His constipation was getting worse over the last several months. His Cisapride was compounded at a pharmacy and needed to be refrigerated. A month before he died, I called for a refill for his Cisapride and the delivery driver who was not with the pharmacy took longer than usual to bring it to me. The medication is in a sleeve to protect it from light and was kept in a paper bag on top of that. It usually took 20-30 minutes for delivery but this time, it took almost an hour. I had this little voice in my head that told me to get a new medication just in case but I didn’t listen. I wonder if having the medication out of the fridge, but still in the sleeve and the paper bag, for an extra 20-30 minutes would have made it go bad or be less effective?
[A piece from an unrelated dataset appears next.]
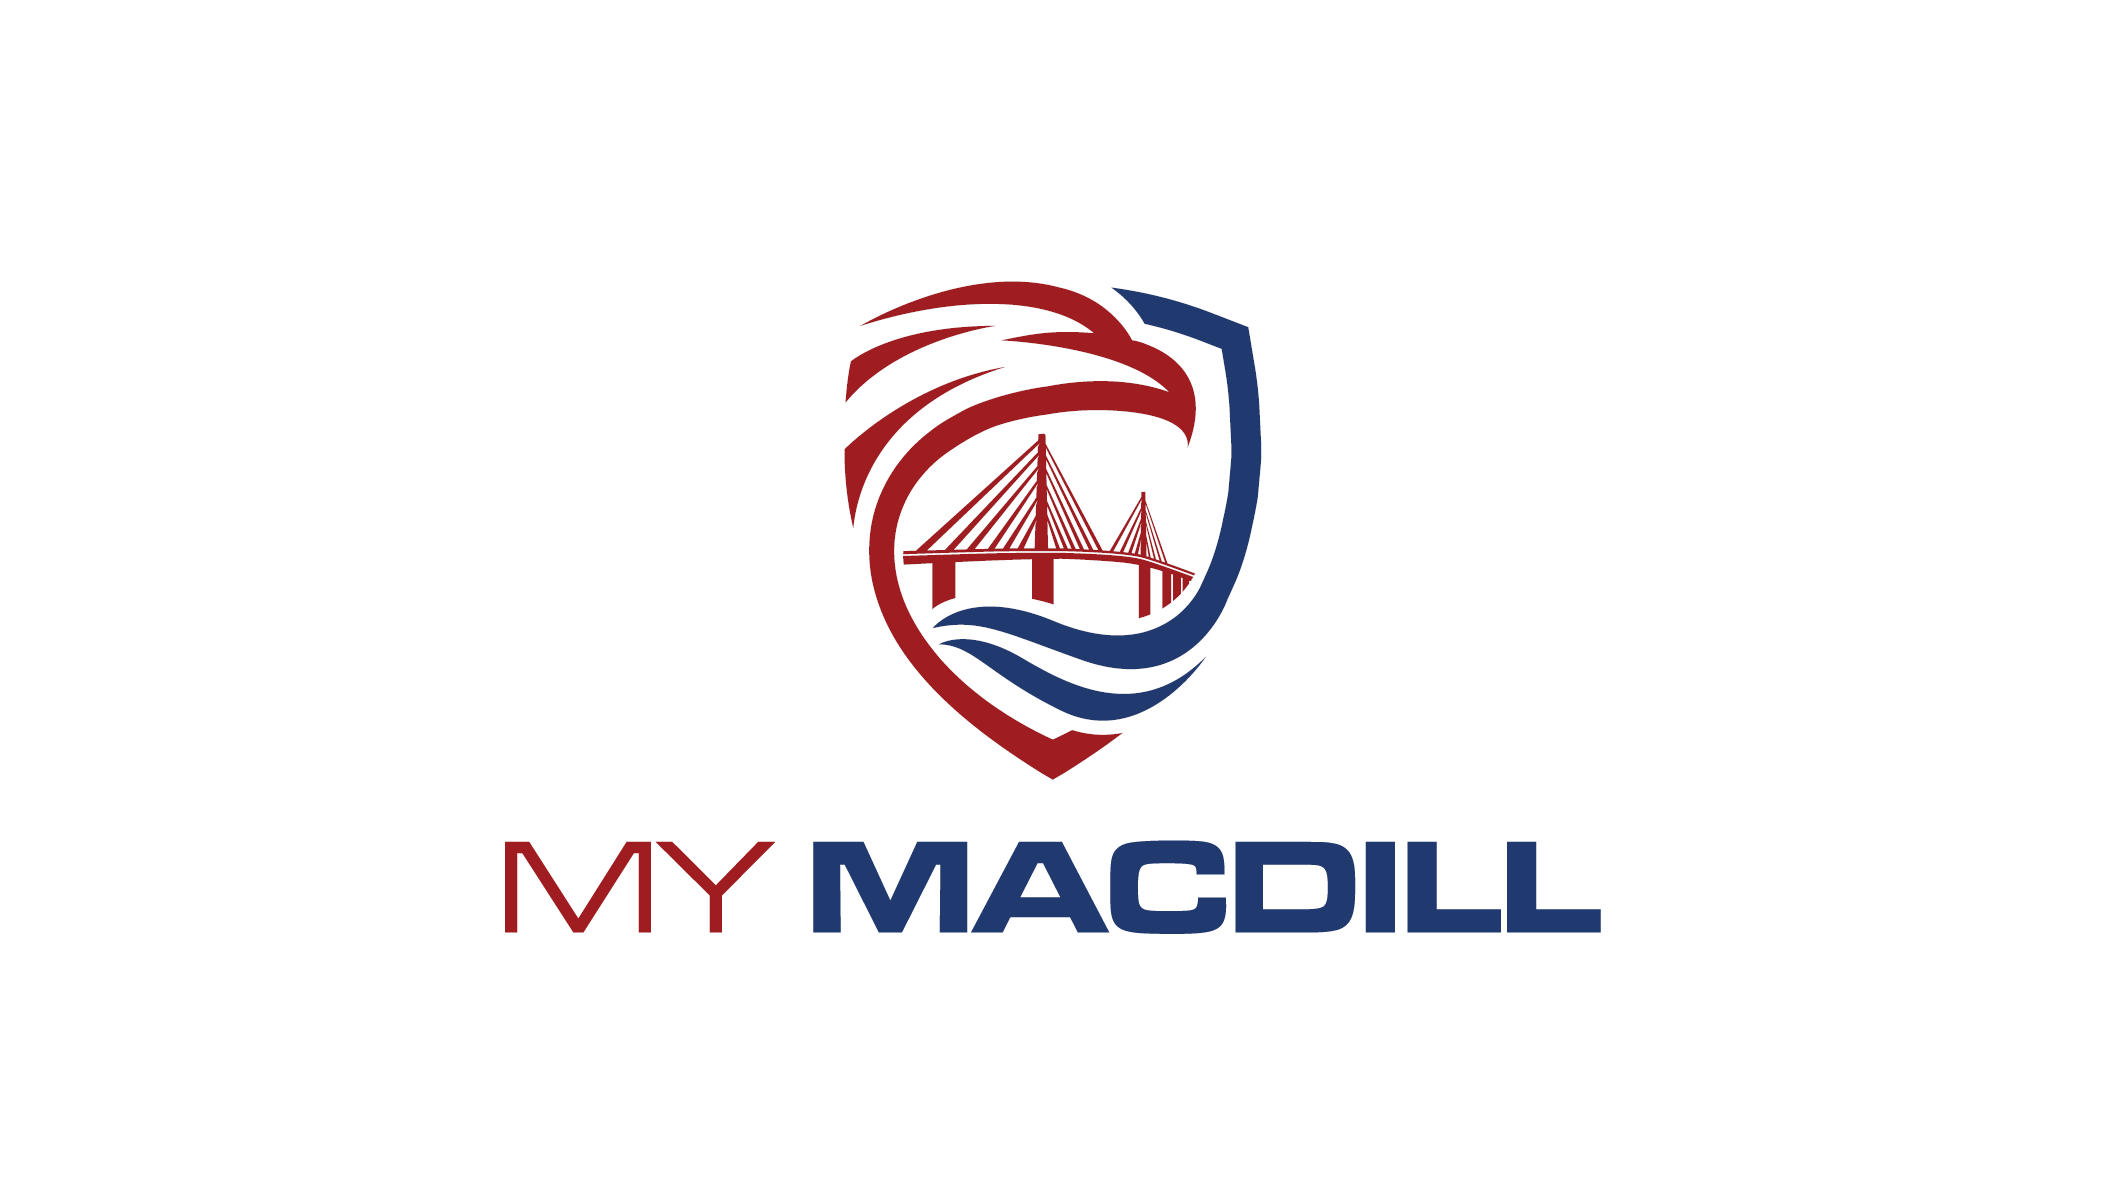 My Macdill
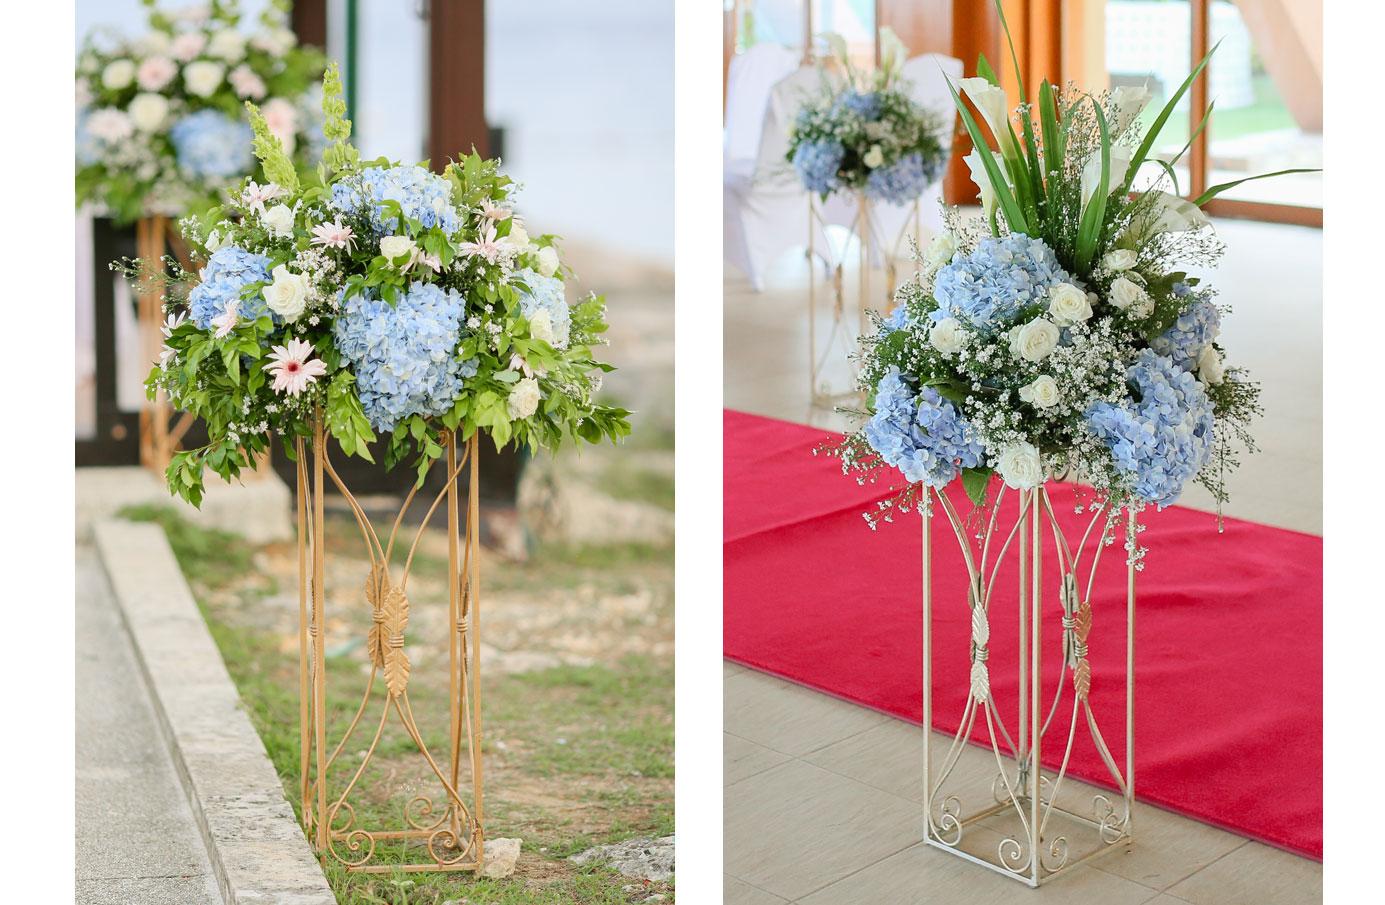 cebu-wedding-decoration (6)

Luke ate the medication fine but a week after starting this medication, he got constipated and needed an enema at the vet. After this, he did really well for 4-5 days, had great bowel movements and I thought everything was fine. Then he didn’t have a bowel movement for a couple days. I was relieved when he pooped and thought things would be alright as this happened to him often sometimes. But then after that, he didn’t go for a couple days and we fell into a long weekend. I would have taken him to the vet sooner but they were closed over the long weekend. I messaged the pharmacy and asked for a new refill. I messaged and called them like 5-6 times before they got back to me and got me a new refill. In the meantime, I took Luke in as soon as the vet opened after the long weekend and they gave him another enema. Three days later, I took him for another one, his third in a couple weeks. After that, he stopped eating completely. I called the emergency vet as this was on a weekend and he said he would only do comfort measures where Luke was 15. First thing Monday morning, I took him back to his usual vet and they ran bloodwork which found he had pancreatitis. They put him on iv fluids and admitted him. On Wednesday afternoon, he was doing much better and the vet told me I could take him home Thursday after he had some more iv fluids. Wednesday night, the vet called and told me he had a heart attack and died.
I am so devastated. I wish with all my heart that I had gotten him a new refill when I first had a bad feeling. He had been having chronic problems with his bowels before this but things got worse after he got the refill. I work with doctors (human) and they said it shouldn’t have made that big of a difference if the medication was out of the fridge for an hour but I wonder if they are just being nice. He was older and had a lot of health problems but I can’t help but think that if I had done things differently, he might have had a few extra months. I wish I could have helped his last few weeks be easier at least if nothing else.
I’m so lost and life is not the same without him. I wish I could feel like this wasn’t my fault.